Later, asked by reporters about calls from GOP Sens. John McCain (Ariz.) and Chuck Hagel (Neb.) for a more candid assessment about the Iraq situation, Bush replied that both men "want me elected as president. We agree that the world is better off with Saddam Hussein sitting in a prison cell. And that stands in stark contrast to the statement my opponent made yesterday, when he said that the world was better off with Saddam in power." Kerry has said he would not have waged war in Iraq if he had been president but has asserted that "the world is better off" without Hussein in power.
Bush also played down the significance of a CIA report forecasting more difficulty in Iraq. "The CIA laid out several scenarios and said life could be lousy, life could be okay, life could be better, and they were just guessing as to what the conditions might be like," he said.
The confidential August report to policymakers, according to an administration official who described it yesterday, outlined three scenarios over the next 18 months: a period of "tenuous stability," a time of "further fragmentation and extremism" or a period of "trending to civil war."
Bush's rosy assessment of Iraq came after other leaders and diplomats offered more somber accounts in recent days. Iraqi Deputy Prime Minister Barham Salih, in an interview Monday with al-Arabiya television, said: "The past week has witnessed an escalation in the security problems, undoubtedly."

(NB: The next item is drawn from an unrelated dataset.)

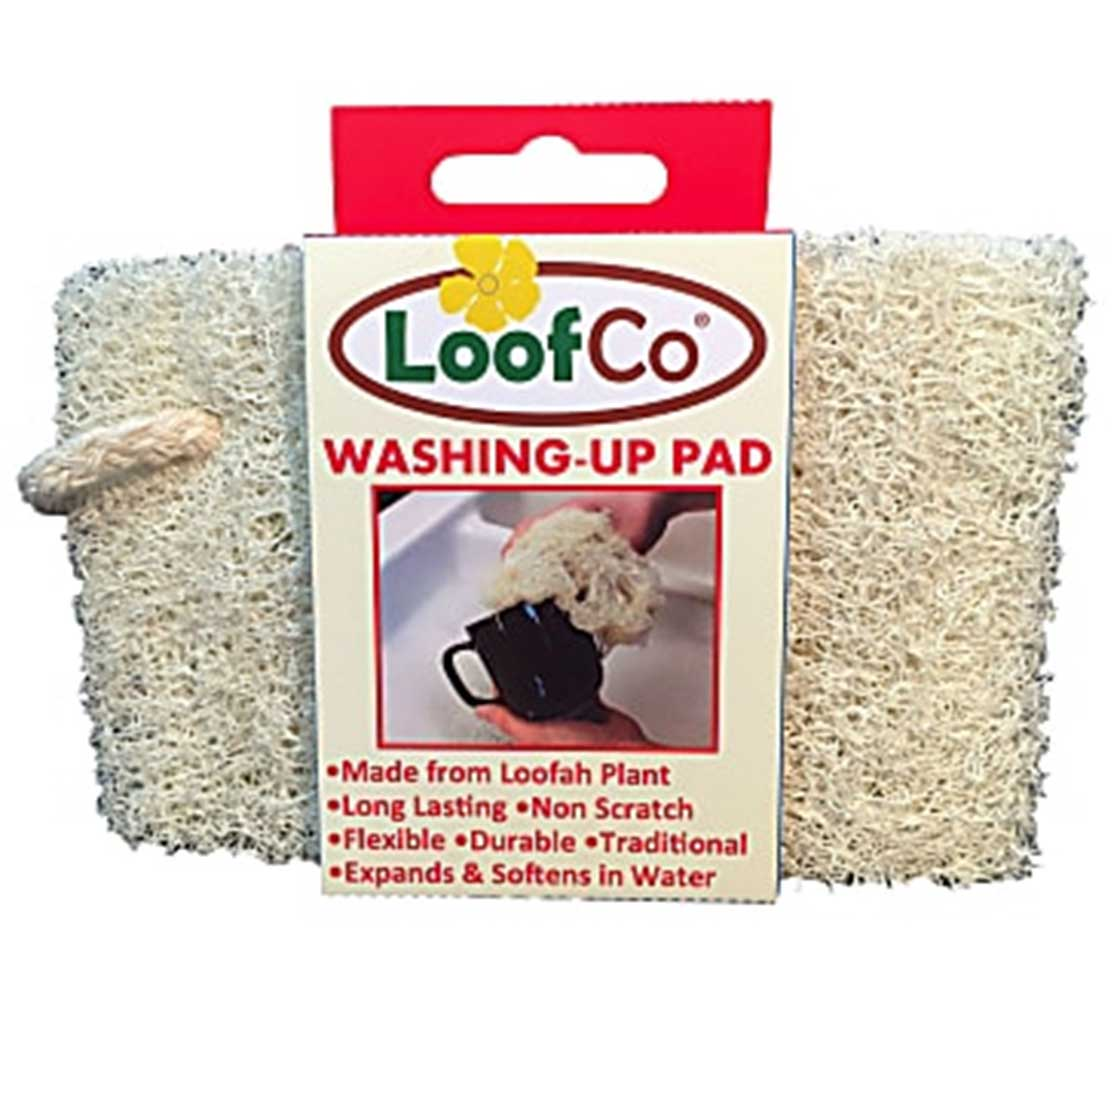 Washing-up Pad, Loofah Plant (Loofco)

Tuesday, U.N. Secretary General Kofi Annan, who recently riled the administration by calling the Iraq war "illegal," offered milder criticism than he had in the past. But he warned that "the rule of law is at risk around the world," and that "at times even the necessary fight against terrorism is allowed to encroach unnecessarily on civil liberties."

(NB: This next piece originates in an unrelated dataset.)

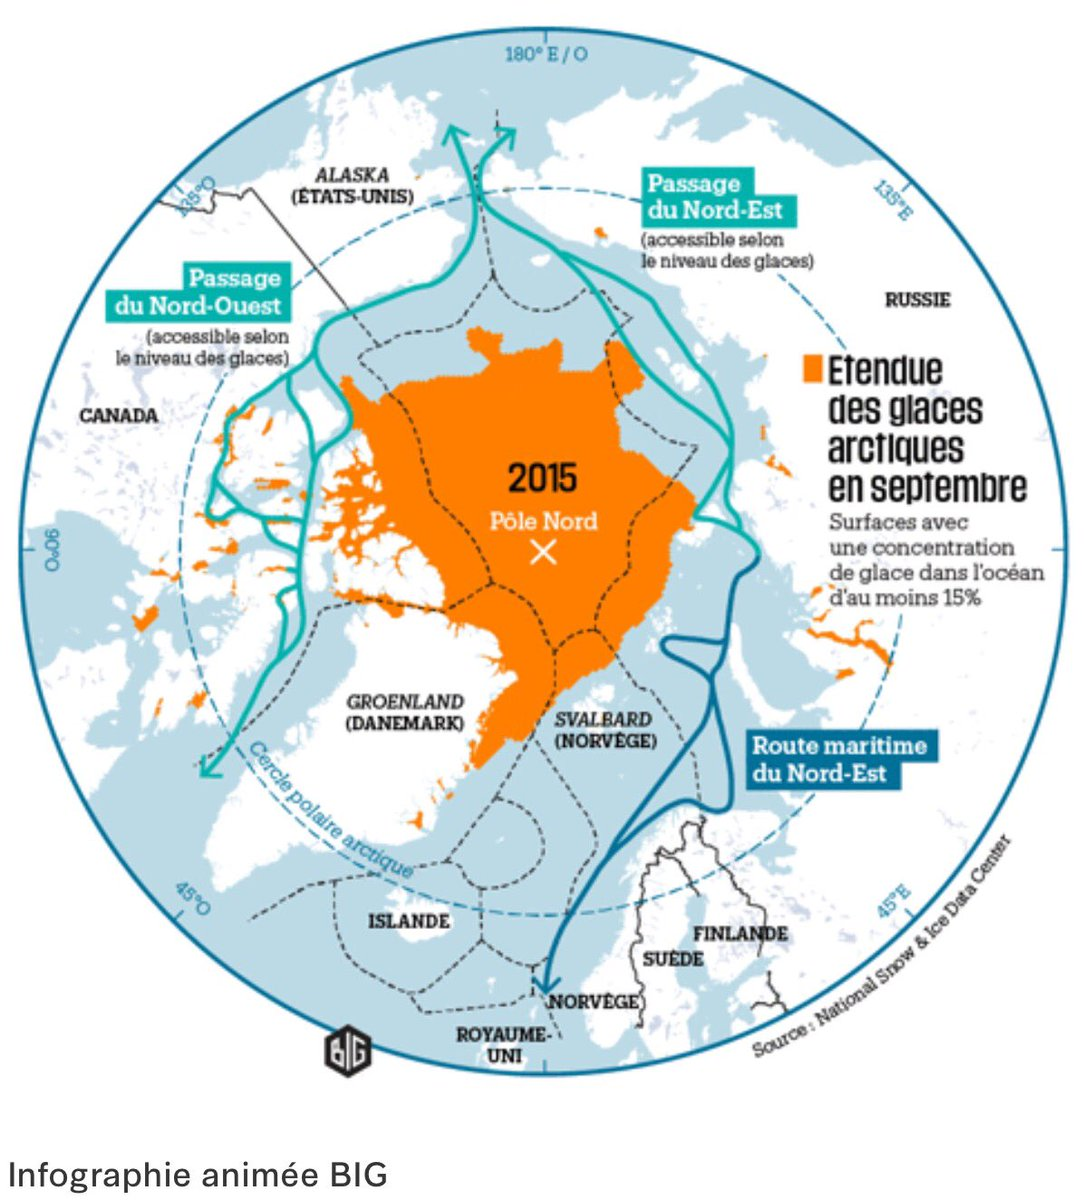 #Climat: ainsi fond, fond, fondl'#Arctique  http://www. liberation.fr/plante/2017/01 /09/climat-ainsi-fond-fond-fond-l-arctique_1540220 &nbsp; …  via @libe<br>http://pic.twitter.com/Ofkj2CxNpQ

Brazilian President Luiz Inacio Lula da Silva, who addressed the assembly before Bush, warned that "mankind is losing the fight for peace," adding: "The necessary fight against terrorism cannot be conceived strictly in military terms."

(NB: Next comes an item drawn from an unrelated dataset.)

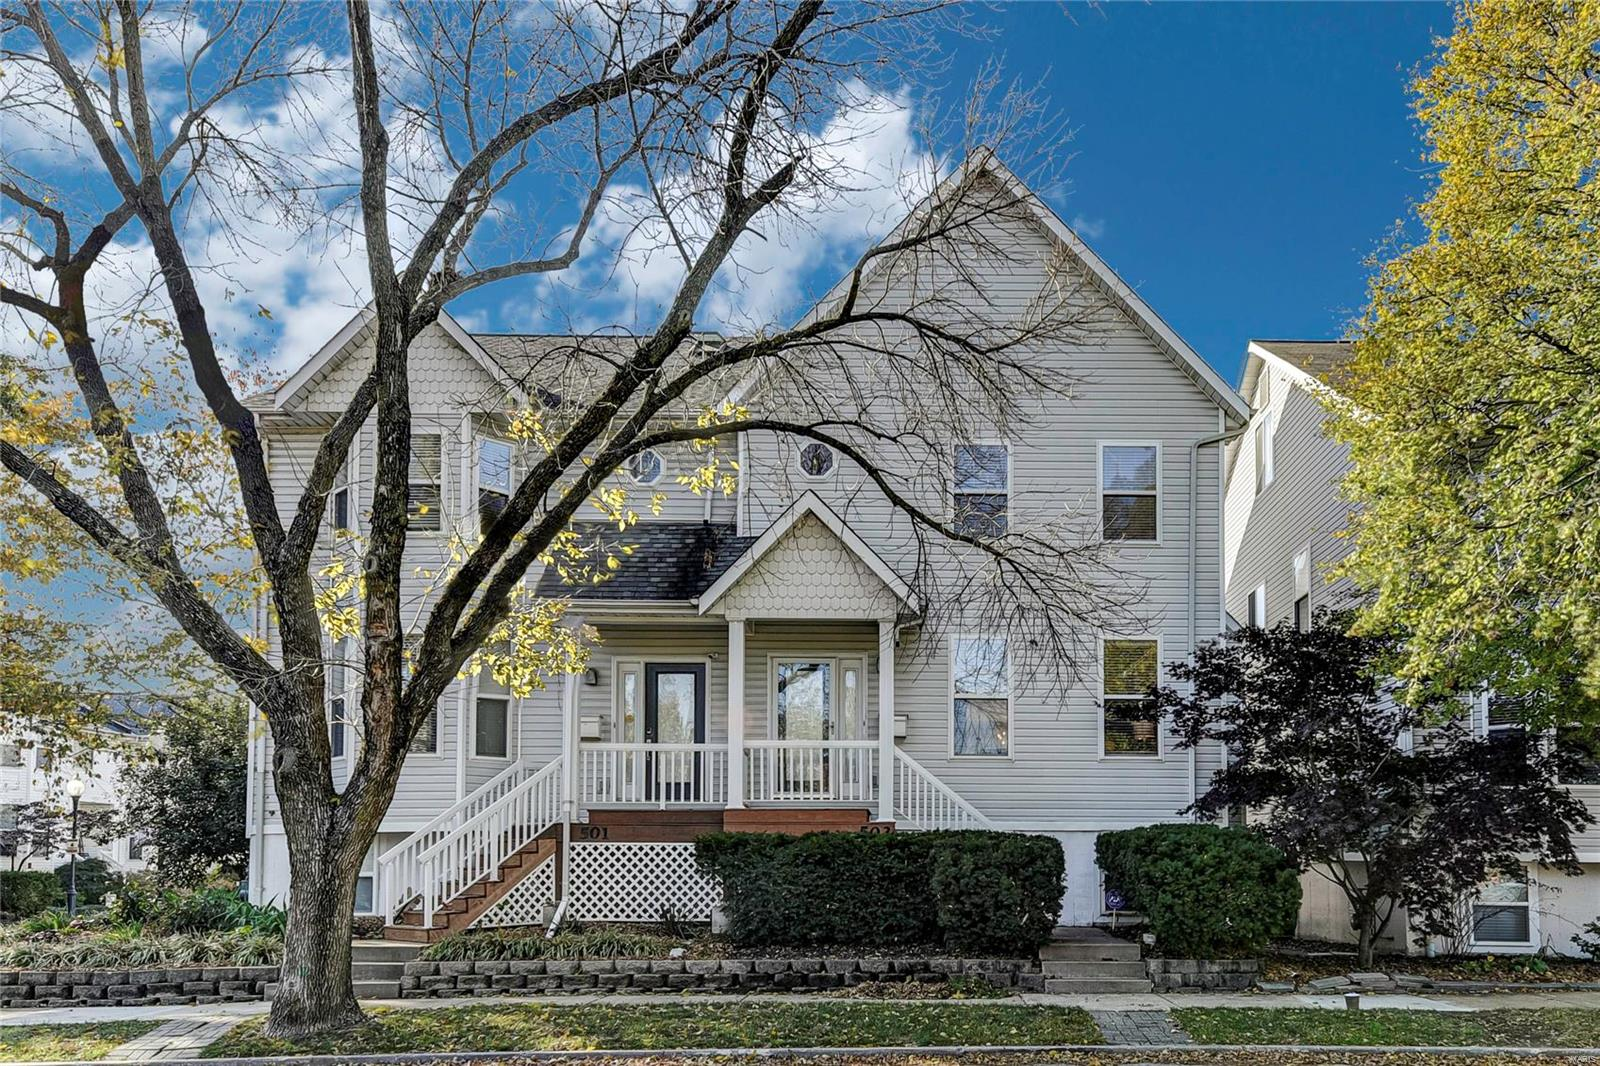 503 W Kingsbury Property Photo - St Louis, MO real estate listing

European leaders claimed some vindication of their view that Security Council approval was necessary for the Iraq war to succeed. "In hindsight, experience shows that actions taken without a mandate which has been clearly defined in a Security Council resolution are doomed to failure," President Joseph Deiss of Switzerland told the General Assembly.
But Bush received friendly words on Iraq from other quarters. Georgia's President Mikheil Saakashvili said his country cannot "afford to look the other way" and offered "to send fresh troops to Iraq to serve in the special protection force for the U.N. mission."
In a closed-door meeting with Annan, Bush underscored the importance of pressing for elections in Afghanistan and in Iraq during a discussion that also covered the Middle East conflict, Congo and Haiti. Annan has warned that the United Nations may not be able to endorse elections in Iraq if the violence continues at the current pace.
Secretary of State Colin L. Powell, who attended the meeting, also told Annan that United Nations must move more aggressively to ensure the deployment of thousands of African Union monitors in Darfur.
Staff writer Walter Pincus contributed to this report.